Q: Are you saying that the “Le Pont du Chemin de Fer á Argenteuil,” which sold for $41.5 million, was bought by someone starting a collection?

A: That was bought by a new buyer–and it’s fantastic. But it’s not just the $40 million pictures. The $1 million and $5 million Monets are being bought by new clients coming into this market.

Q: If you buy an early Impressionist work as one of your first pictures. What do you buy next?

A: Where do you buy next? It would be interesting to see. I have no idea. But they [the buyers of Le Pont] are clearly making every effort to buy the best of the best.

We were very fortunate in June to be able to offer the Degas and Monet in London and a month earlier to have the Monet here in New York. You saw three phenomenal “Impressionist” works–albeit one from the 20th Century–but all of them fundamentally Impressionist works and all outperforming expectations.

Q: That’s the reason we’re having this conversation. Given this environment, how do you approach what’s out there or what you think is out there.

A: It’s not quite as easy as: “check” that and go on to the next one. But you’re always looking for the next great thing to offer these collectors who are looking for the best. We’re just starting the next season and are actively looking for that now.

Q: But are the owners of the great Impressionist works in private hands more or less interested in selling right now?

A: The buyers who own those great works, almost exist outside the marketplace. You talked about liquidity. There are enormous amounts of liquidity whether it is institutional liquidity or private liquidity. It exists. It’s huge. And it can move markets. We’ve seen it now season after season.

Those owners that have those pictures always have, to a certain extent, existed outside the market. It becomes an issue when they become estates. Then liquidity issues arise and then there’s a motivation to sell. But those collectors make the decision about when they want to sell–whether its a de-accessioning issue or change of life–for themselves, not because of the market.

We work with them over time and make recommendations. For the owner of the Monet [Le Pont] it was a recommendation. I went to them and said, “I know this is an important work in your collection but I think this is the time.”

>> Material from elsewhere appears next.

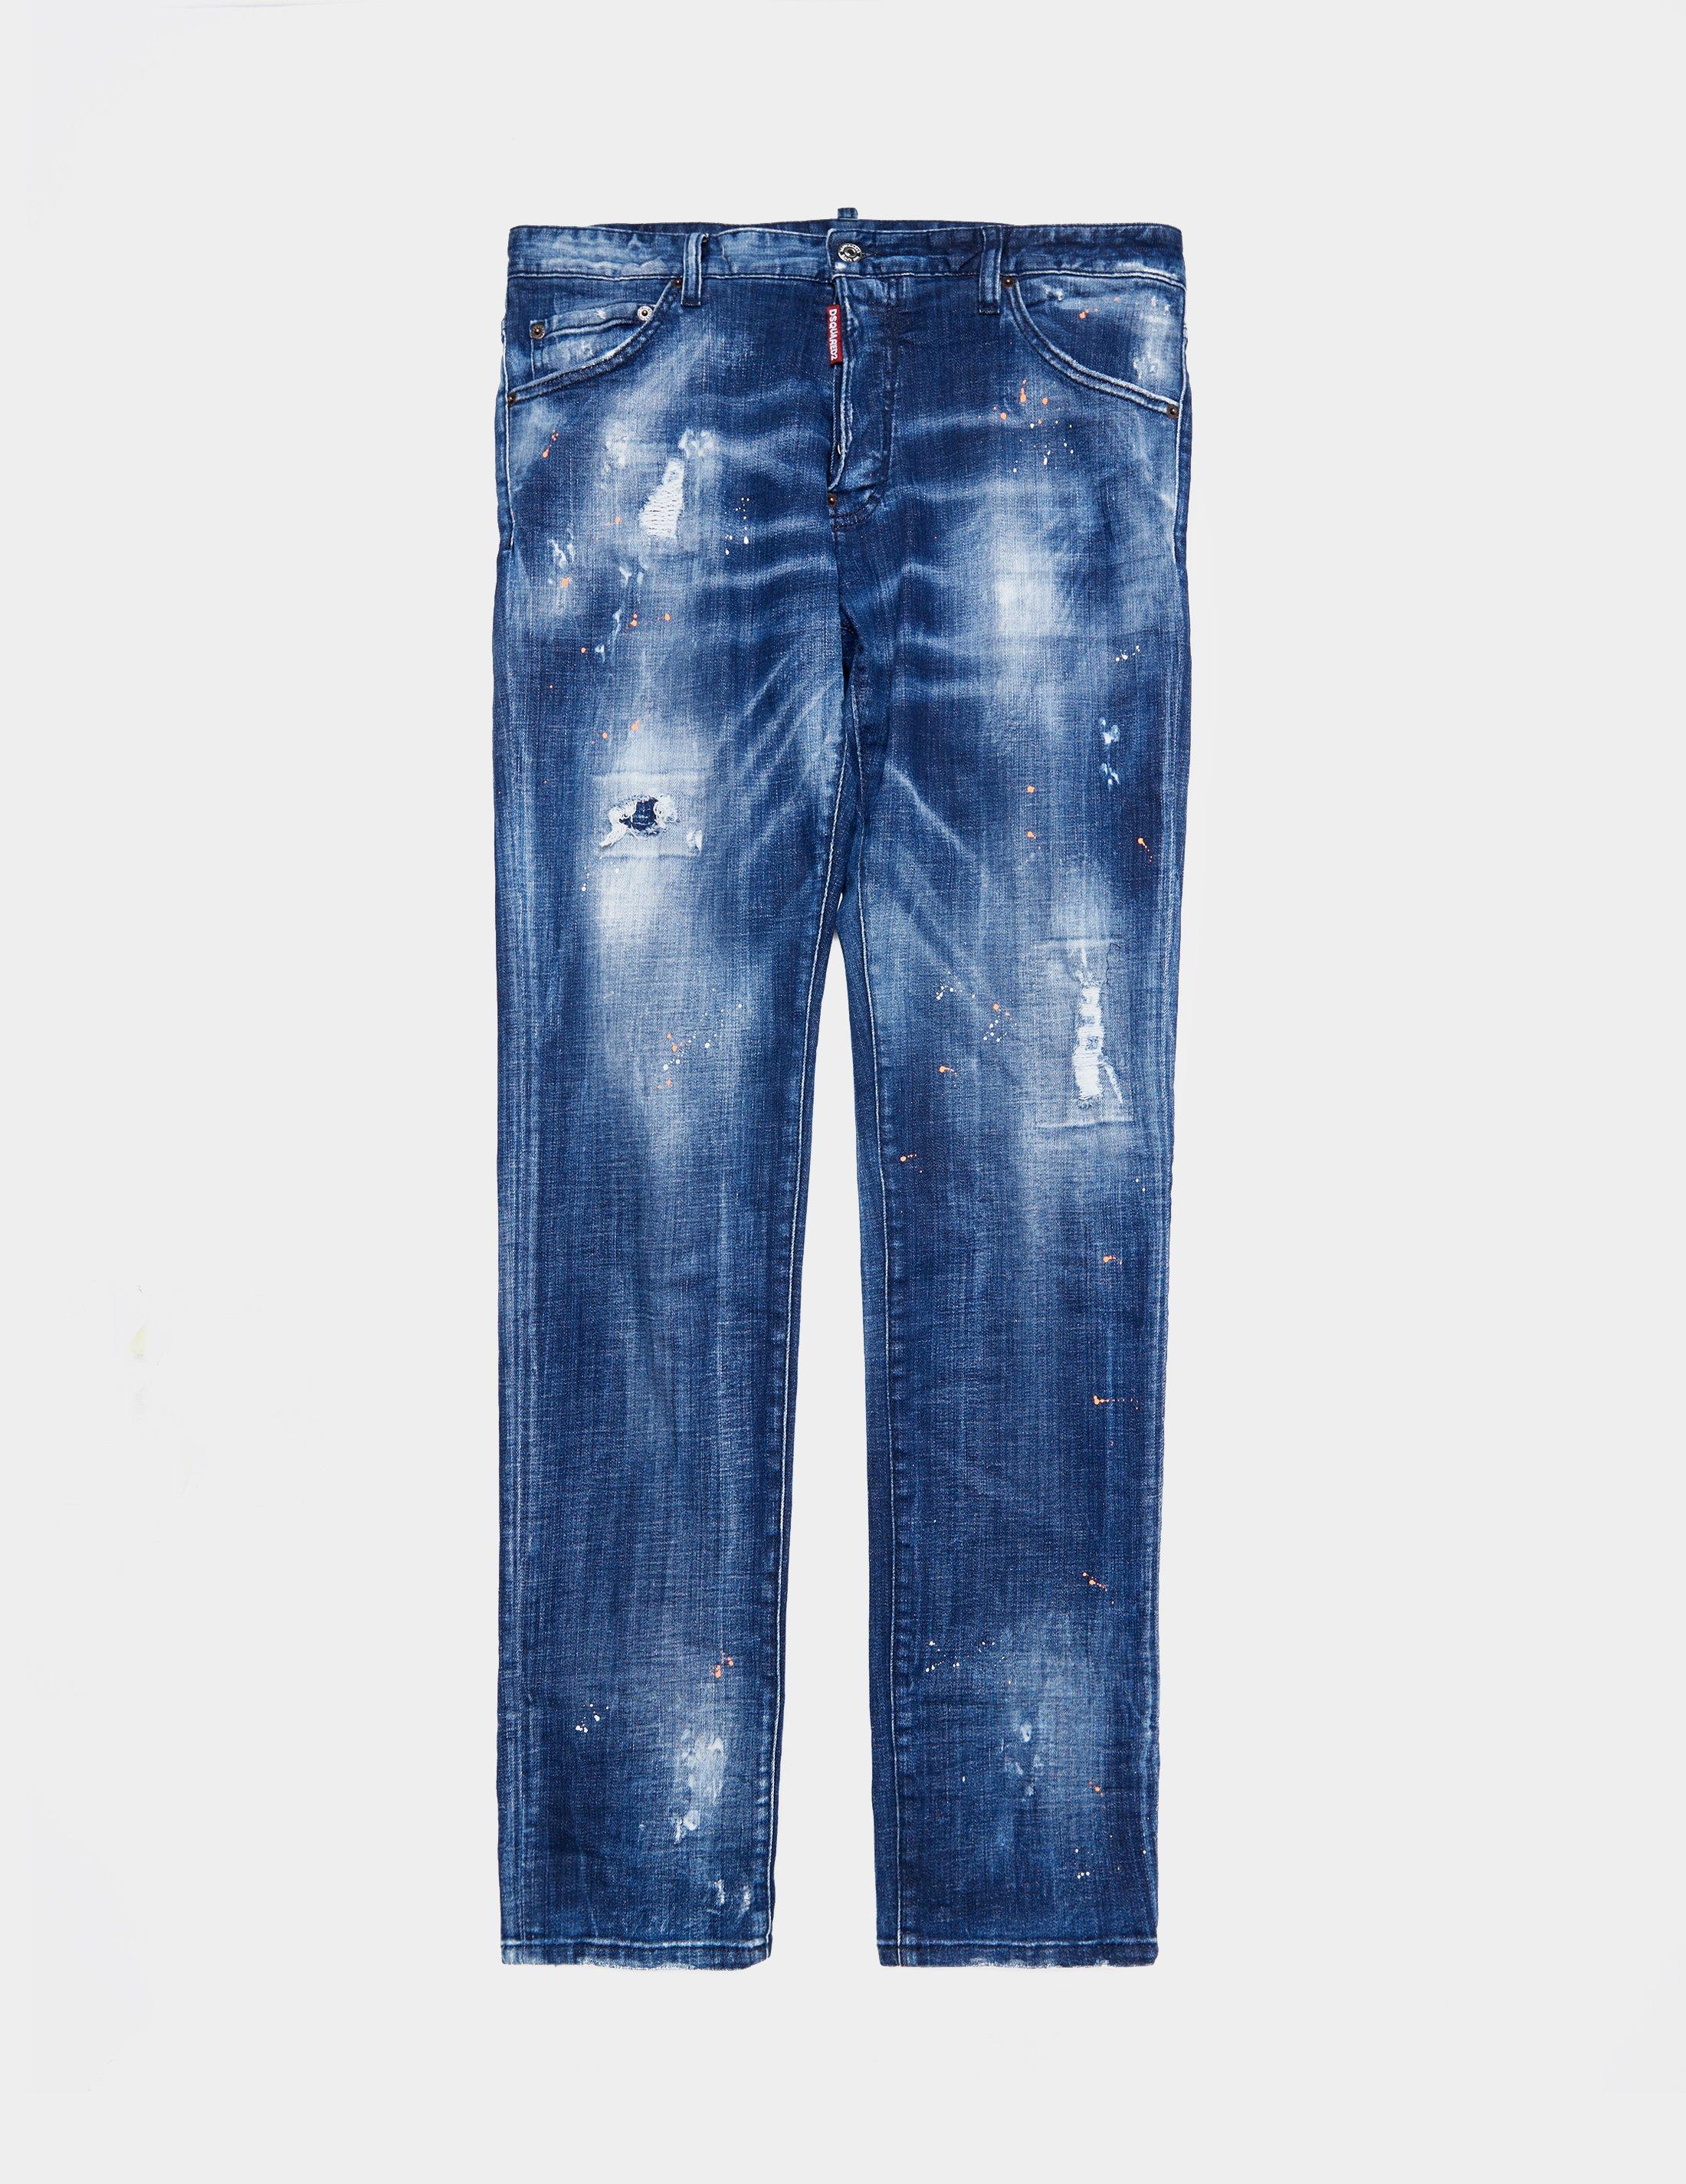 dsquared jeans size guide mens

Q: That was an issue of having an owner who is involved in the market and has a sense of the market. We seem to have different types of owners: those that are overly sensitive to the market and those that are not.

A: I find today that more and more of our clients are market savvy. There are differences in today’s market than there were 20 years ago. People were collecting for different reasons, especially Asian collectors, and that drove the market. I think today most collectors are genuinely interested in collecting and motivated by collecting and that demands an understanding of the market.

Q: Collectors used to buy art for life and become associated with the piece. But today it seems that people have larger collections and they’re more likely to move things around and created a culture where there’s much more exchange.

A: I think there’s much more tolerance for exchange. It used to be: you buy, you own, you live, you die with it. But there’s more tolerance for exchange now. I think there’s more transparency in the mechanism to exchange with the internet, for example, our doors are open, we’re happy to advise, people are advising. Collectors are involved.

When you weren’t involved in the art world and didn’t understand it. There was a sort of shroud. You couldn’t sell because you couldn’t understand it. “I own it but what do I do with it now.”

And there is that issue that you discussed that collections are bigger, people have more houses, they move, lifestyles change and, I think there is so much more to collect out there. We’re all collectors at heart. I would challenge anyone that they haven’t collected something at some point in their life.

Q: With so much more to collect it would also seem that buyers are collecting in broader ways too.

A: It is refreshing to go into client’s homes and see those Old Master paintings next to Picassos in great heavy Spanish frames next to Monet water lilies next to Pollocks. That’s a fantastic exploration. We should demand ourselves to explore that way. It goes back to that idea of tolerance.

Q: There seems to be more interest in collectors in making their own connections rather than through scholarship. There seems to be an emphasis on the collector being able to tell a story. But the story also seems to change and that would suggest more exchange.

A: There has to be if you’re telling a story. I find it incredibly exciting. The portrait show that we did last year. [“Faces in Art”] That was about telling a story. That was about looking at things in a different way. That was about just coming in and saying, walk around and understand–or don’t understand. We had number of events around it: cocktail parties, a dinner in the room. It was fantastic.

Q: How did your clients react to your mixing periods and styles? You had a broad range of art in that show.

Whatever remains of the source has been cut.